A Clojure(Script) library implementing functional visitors over zippers. This library was inspired partly by http://www.ibm.com/developerworks/library/j-treevisit/ (dead link, alternative: https://insideclojure.org/images/j-treevisit-pdf.pdf) and my own needs for walking and modifying tree data structures in clojure.
Add the dependency:
[zip-visit "1.1.0"]
Require the library.
(require '[zip.visit :refer :all])
(When requiring in ClojureScript, make sure you add :refer-macros
:)
(ns my-awesome-ns
(:require [zip.visit :as v :refer-macros [visitor defvisitor]]))
Visitors operate over zippers, let's require that:
(require '[clojure.zip :as z])
Zippers can operate over any tree or sequence type data. As an example, we will walk over XML. Let's load a short HTML example into a zipper:
(require '[clojure.xml :as xml])
(def s "<div><span id='greeting'>Hello</span> <span id='name'>Mr. Foo</span>!</div>")
(def root (z/xml-zip (xml/parse (java.io.ByteArrayInputStream. (.getBytes s)))))

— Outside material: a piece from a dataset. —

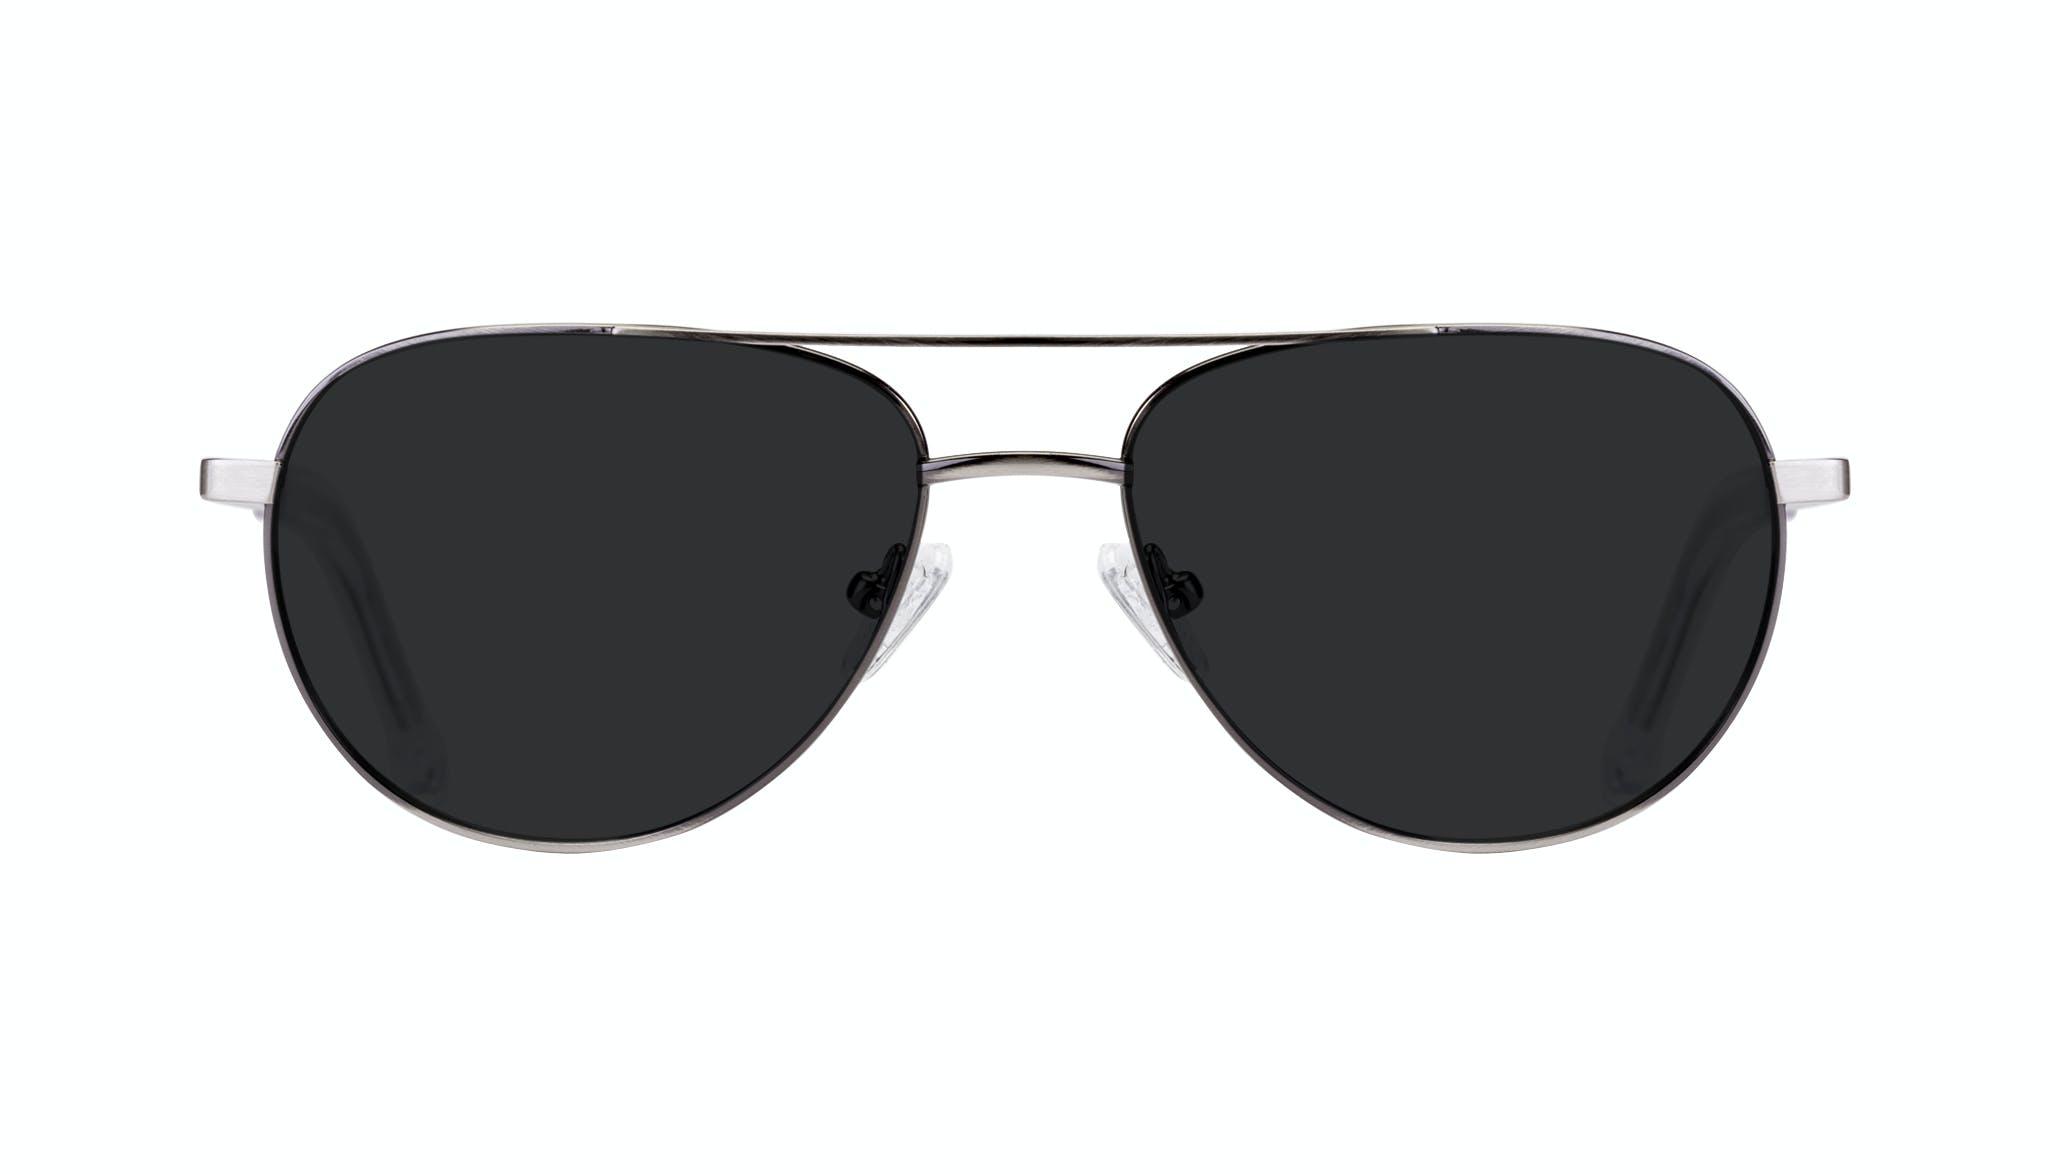 Affordable Fashion Glasses Aviator Sunglasses Men Devoted Silver Front

The visit function provides events for pre-order, post-order, and partial in-order traversal. To illustrate this, let's create an event printer from scratch.
(defn printer [evt n s] (println evt (str n s)))
Visitors are just functions that take three arguments. The first is the event, either
:pre
, :post
, or :in
. The second is the current node and the third is
the current state. We will explain the state in detail later. For now, let's
visit our HTML.
user=> (visit root nil [printer])
:pre {:tag :div, :attrs nil, :content [{:tag :span, :attrs {:id "greeting"}, :content ["Hello"]} {:tag :span, :attrs {:id "name"}, :content ["Mr. Foo"]} "!"]}
:pre {:tag :span, :attrs {:id "greeting"}, :content ["Hello"]}
:pre Hello
:post Hello
:post {:tag :span, :attrs {:id "greeting"}, :content ["Hello"]}
:in {:tag :div, :attrs nil, :content [{:tag :span, :attrs {:id "greeting"}, :content ["Hello"]} {:tag :span, :attrs {:id "name"}, :content ["Mr. Foo"]} "!"]}
:pre {:tag :span, :attrs {:id "name"}, :content ["Mr. Foo"]}
:pre Mr. Foo
:post Mr. Foo
:post {:tag :span, :attrs {:id "name"}, :content ["Mr. Foo"]}
:in {:tag :div, :attrs nil, :content [{:tag :span, :attrs {:id "greeting"}, :content ["Hello"]} {:tag :span, :attrs {:id "name"}, :content ["Mr. Foo"]} "!"]}
:pre !
:post !
:post {:tag :div, :attrs nil, :content [{:tag :span, :attrs {:id "greeting"}, :content ["Hello"]} {:tag :span, :attrs {:id "name"}, :content ["Mr. Foo"]} "!"]}
{:node {:tag :div, :attrs nil, :content [{:tag :span, :attrs {:id "greeting"}, :content ["Hello"]} {:tag :span, :attrs {:id "name"}, :content ["Mr. Foo"]} "!"]}, :state nil}
The visit
function does all the work and takes as arguments: the zipper,
the initial state, and a sequence of visitor functions. It returns a map with
two keys: :node
, and :state
. If visitor functions modify the tree,
then :node
contains the final modified zipper. Similarly, :state
is
the state at the end of the walk. In this example, we get back the original
unchanged input zipper.
Now let's talk about modifying the tree. Say we want to modify the span with id #name. Consider the following function.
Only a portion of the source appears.